(SUPPLIED DATA)
= = = = =
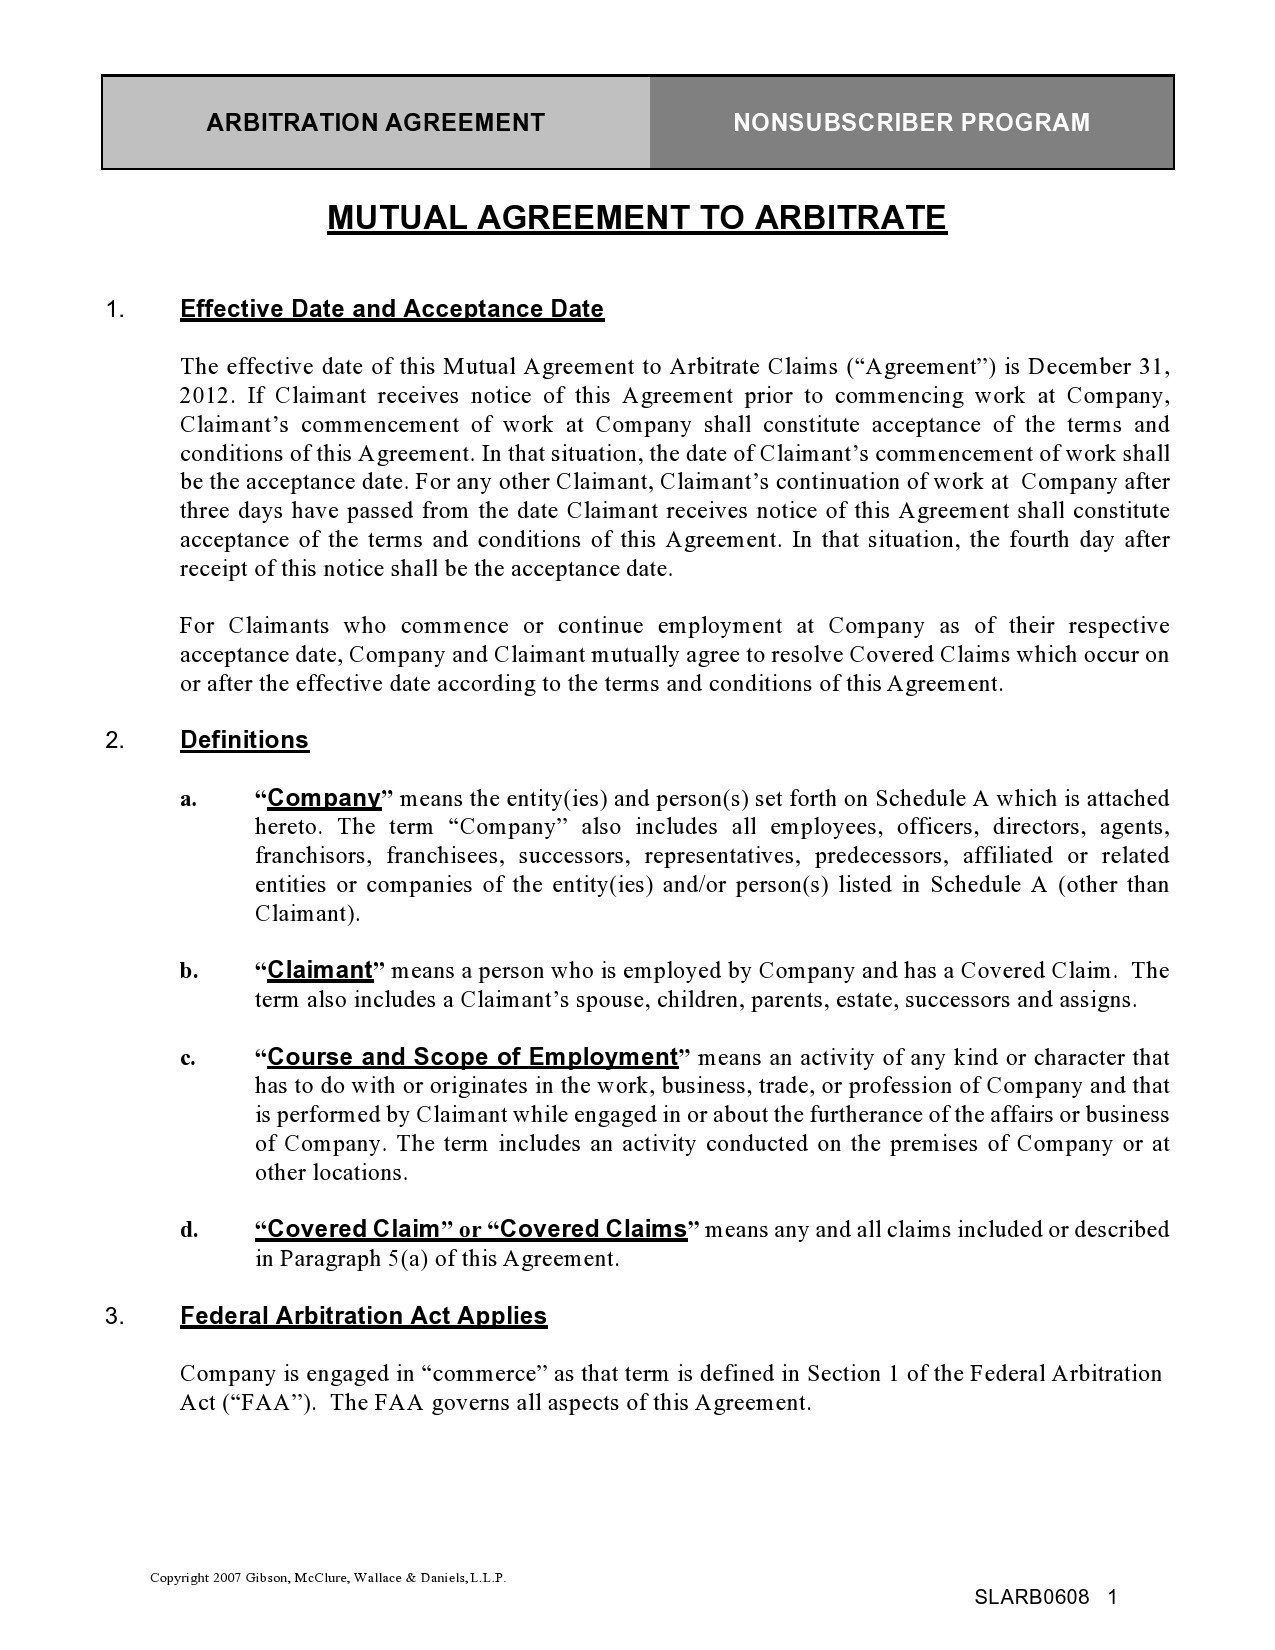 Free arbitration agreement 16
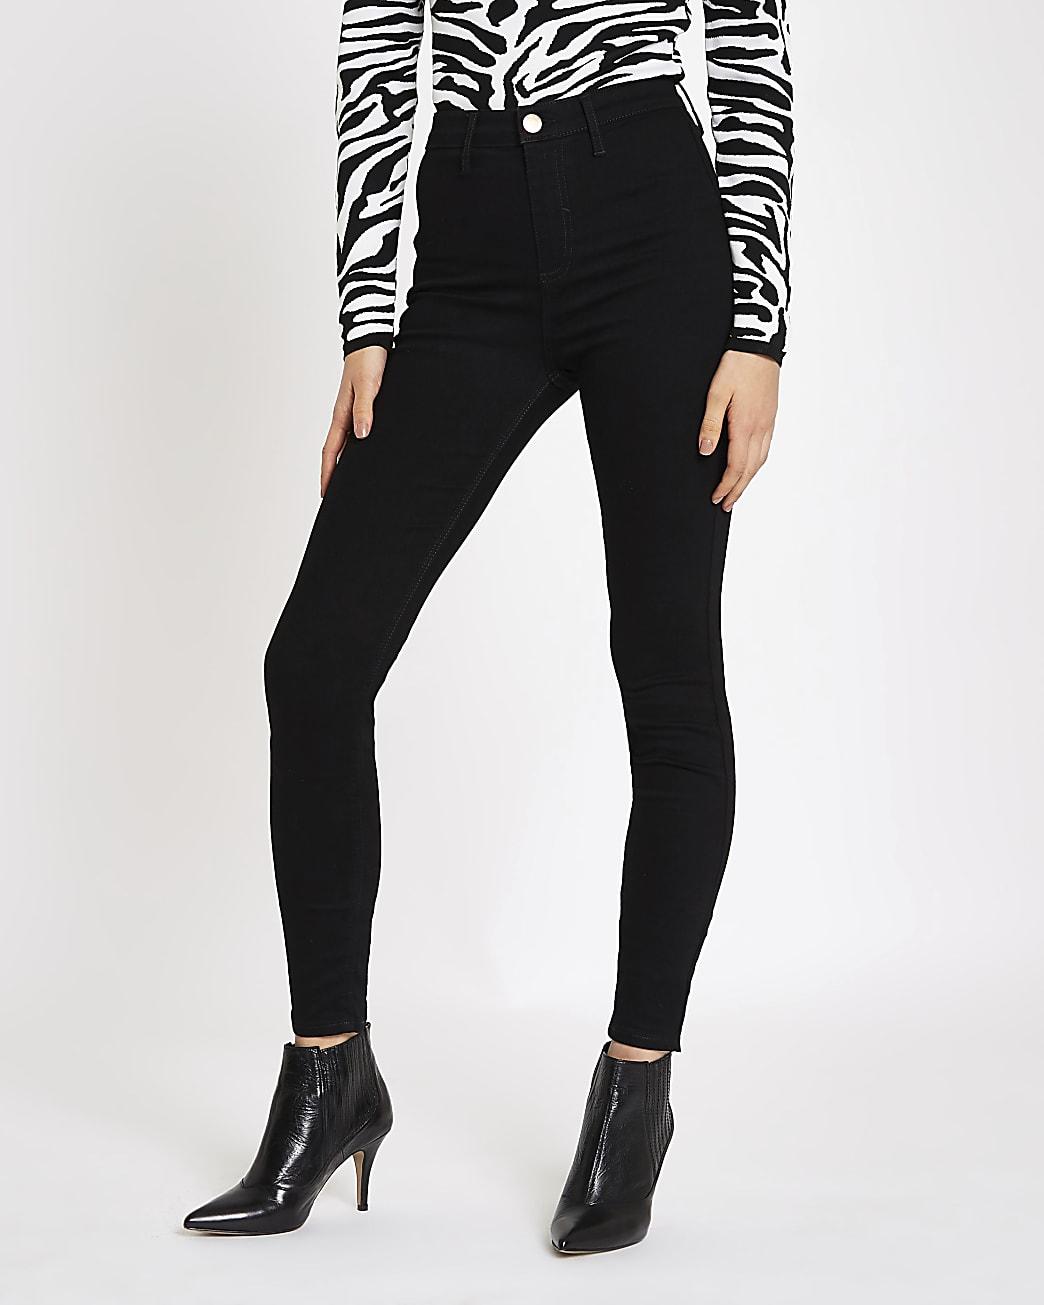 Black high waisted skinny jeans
= = = = =
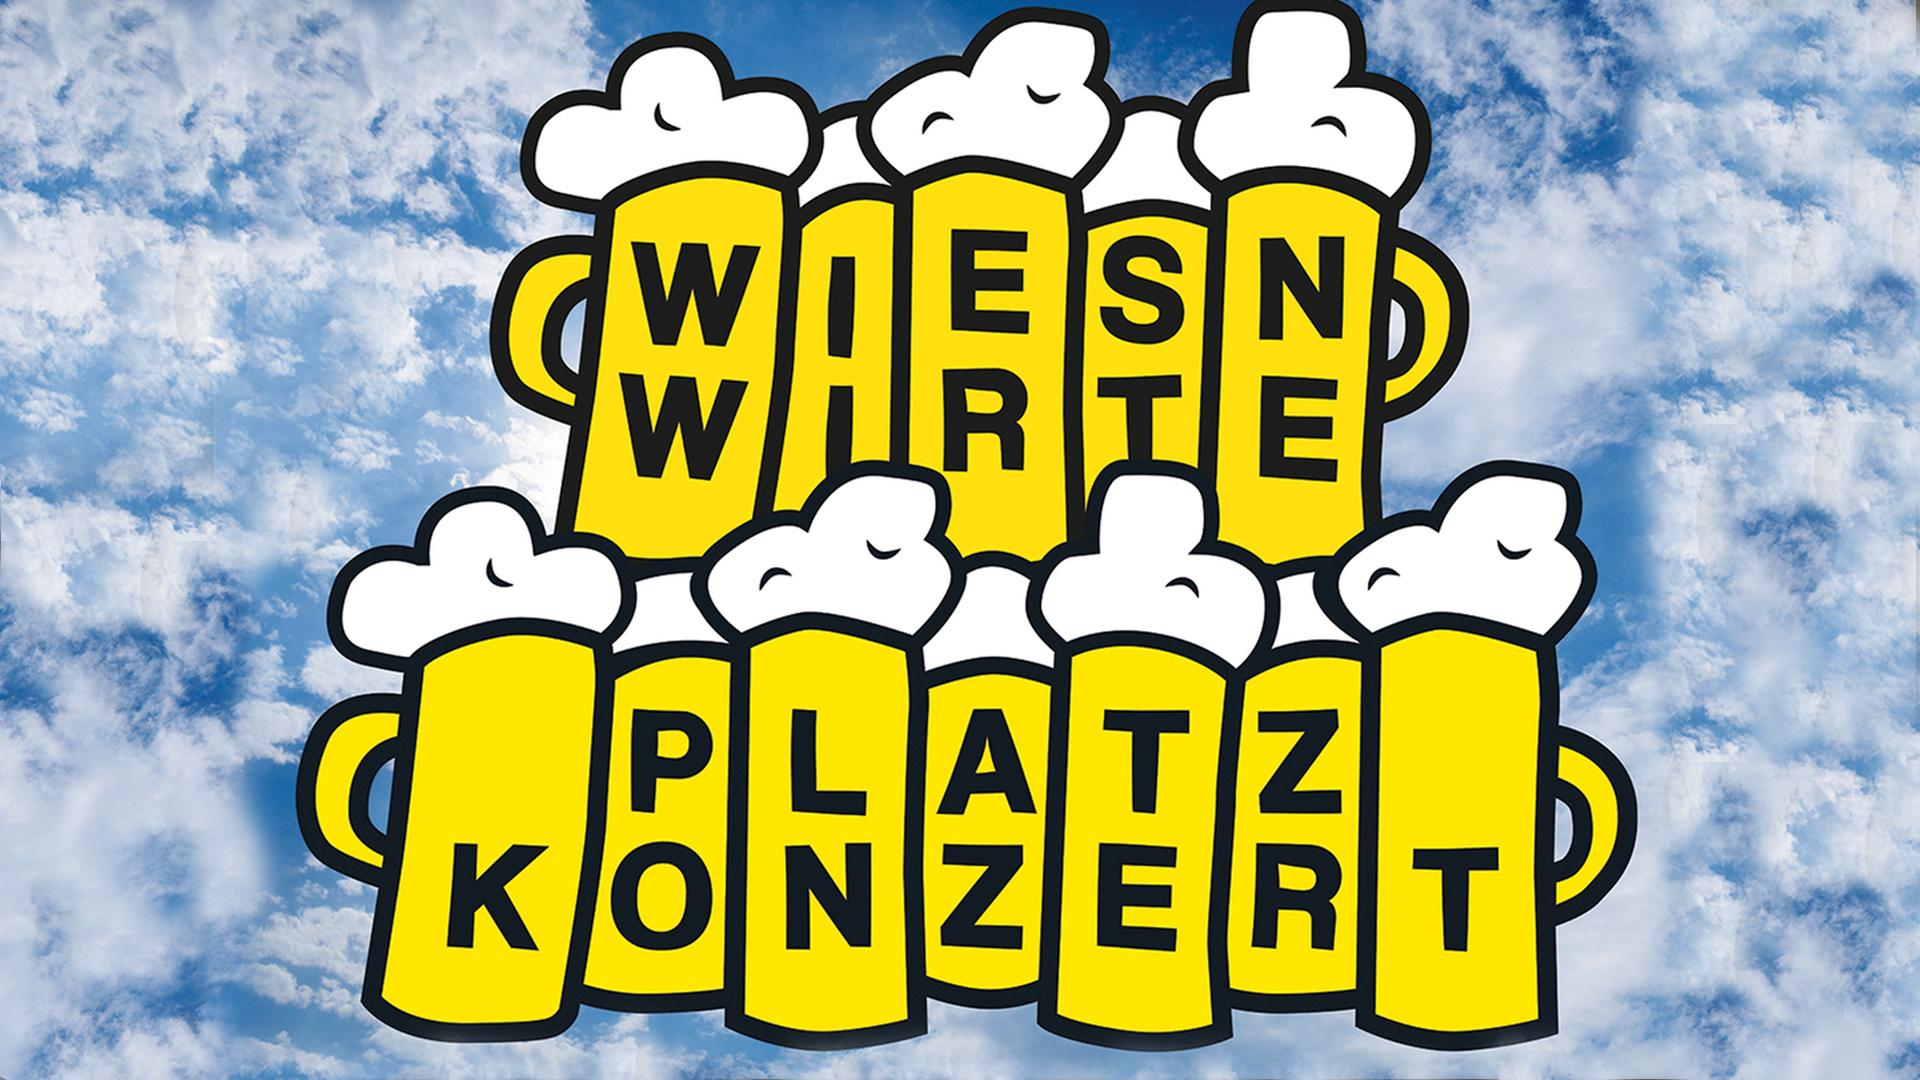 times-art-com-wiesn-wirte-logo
= = = = =
Return exactly the lines of the material above, starting at the line containing "Free arbitration agreement 16" and finishing at the line containing "Black high waisted skinny jeans", without any pictures.

 Free arbitration agreement 16
 Black high waisted skinny jeans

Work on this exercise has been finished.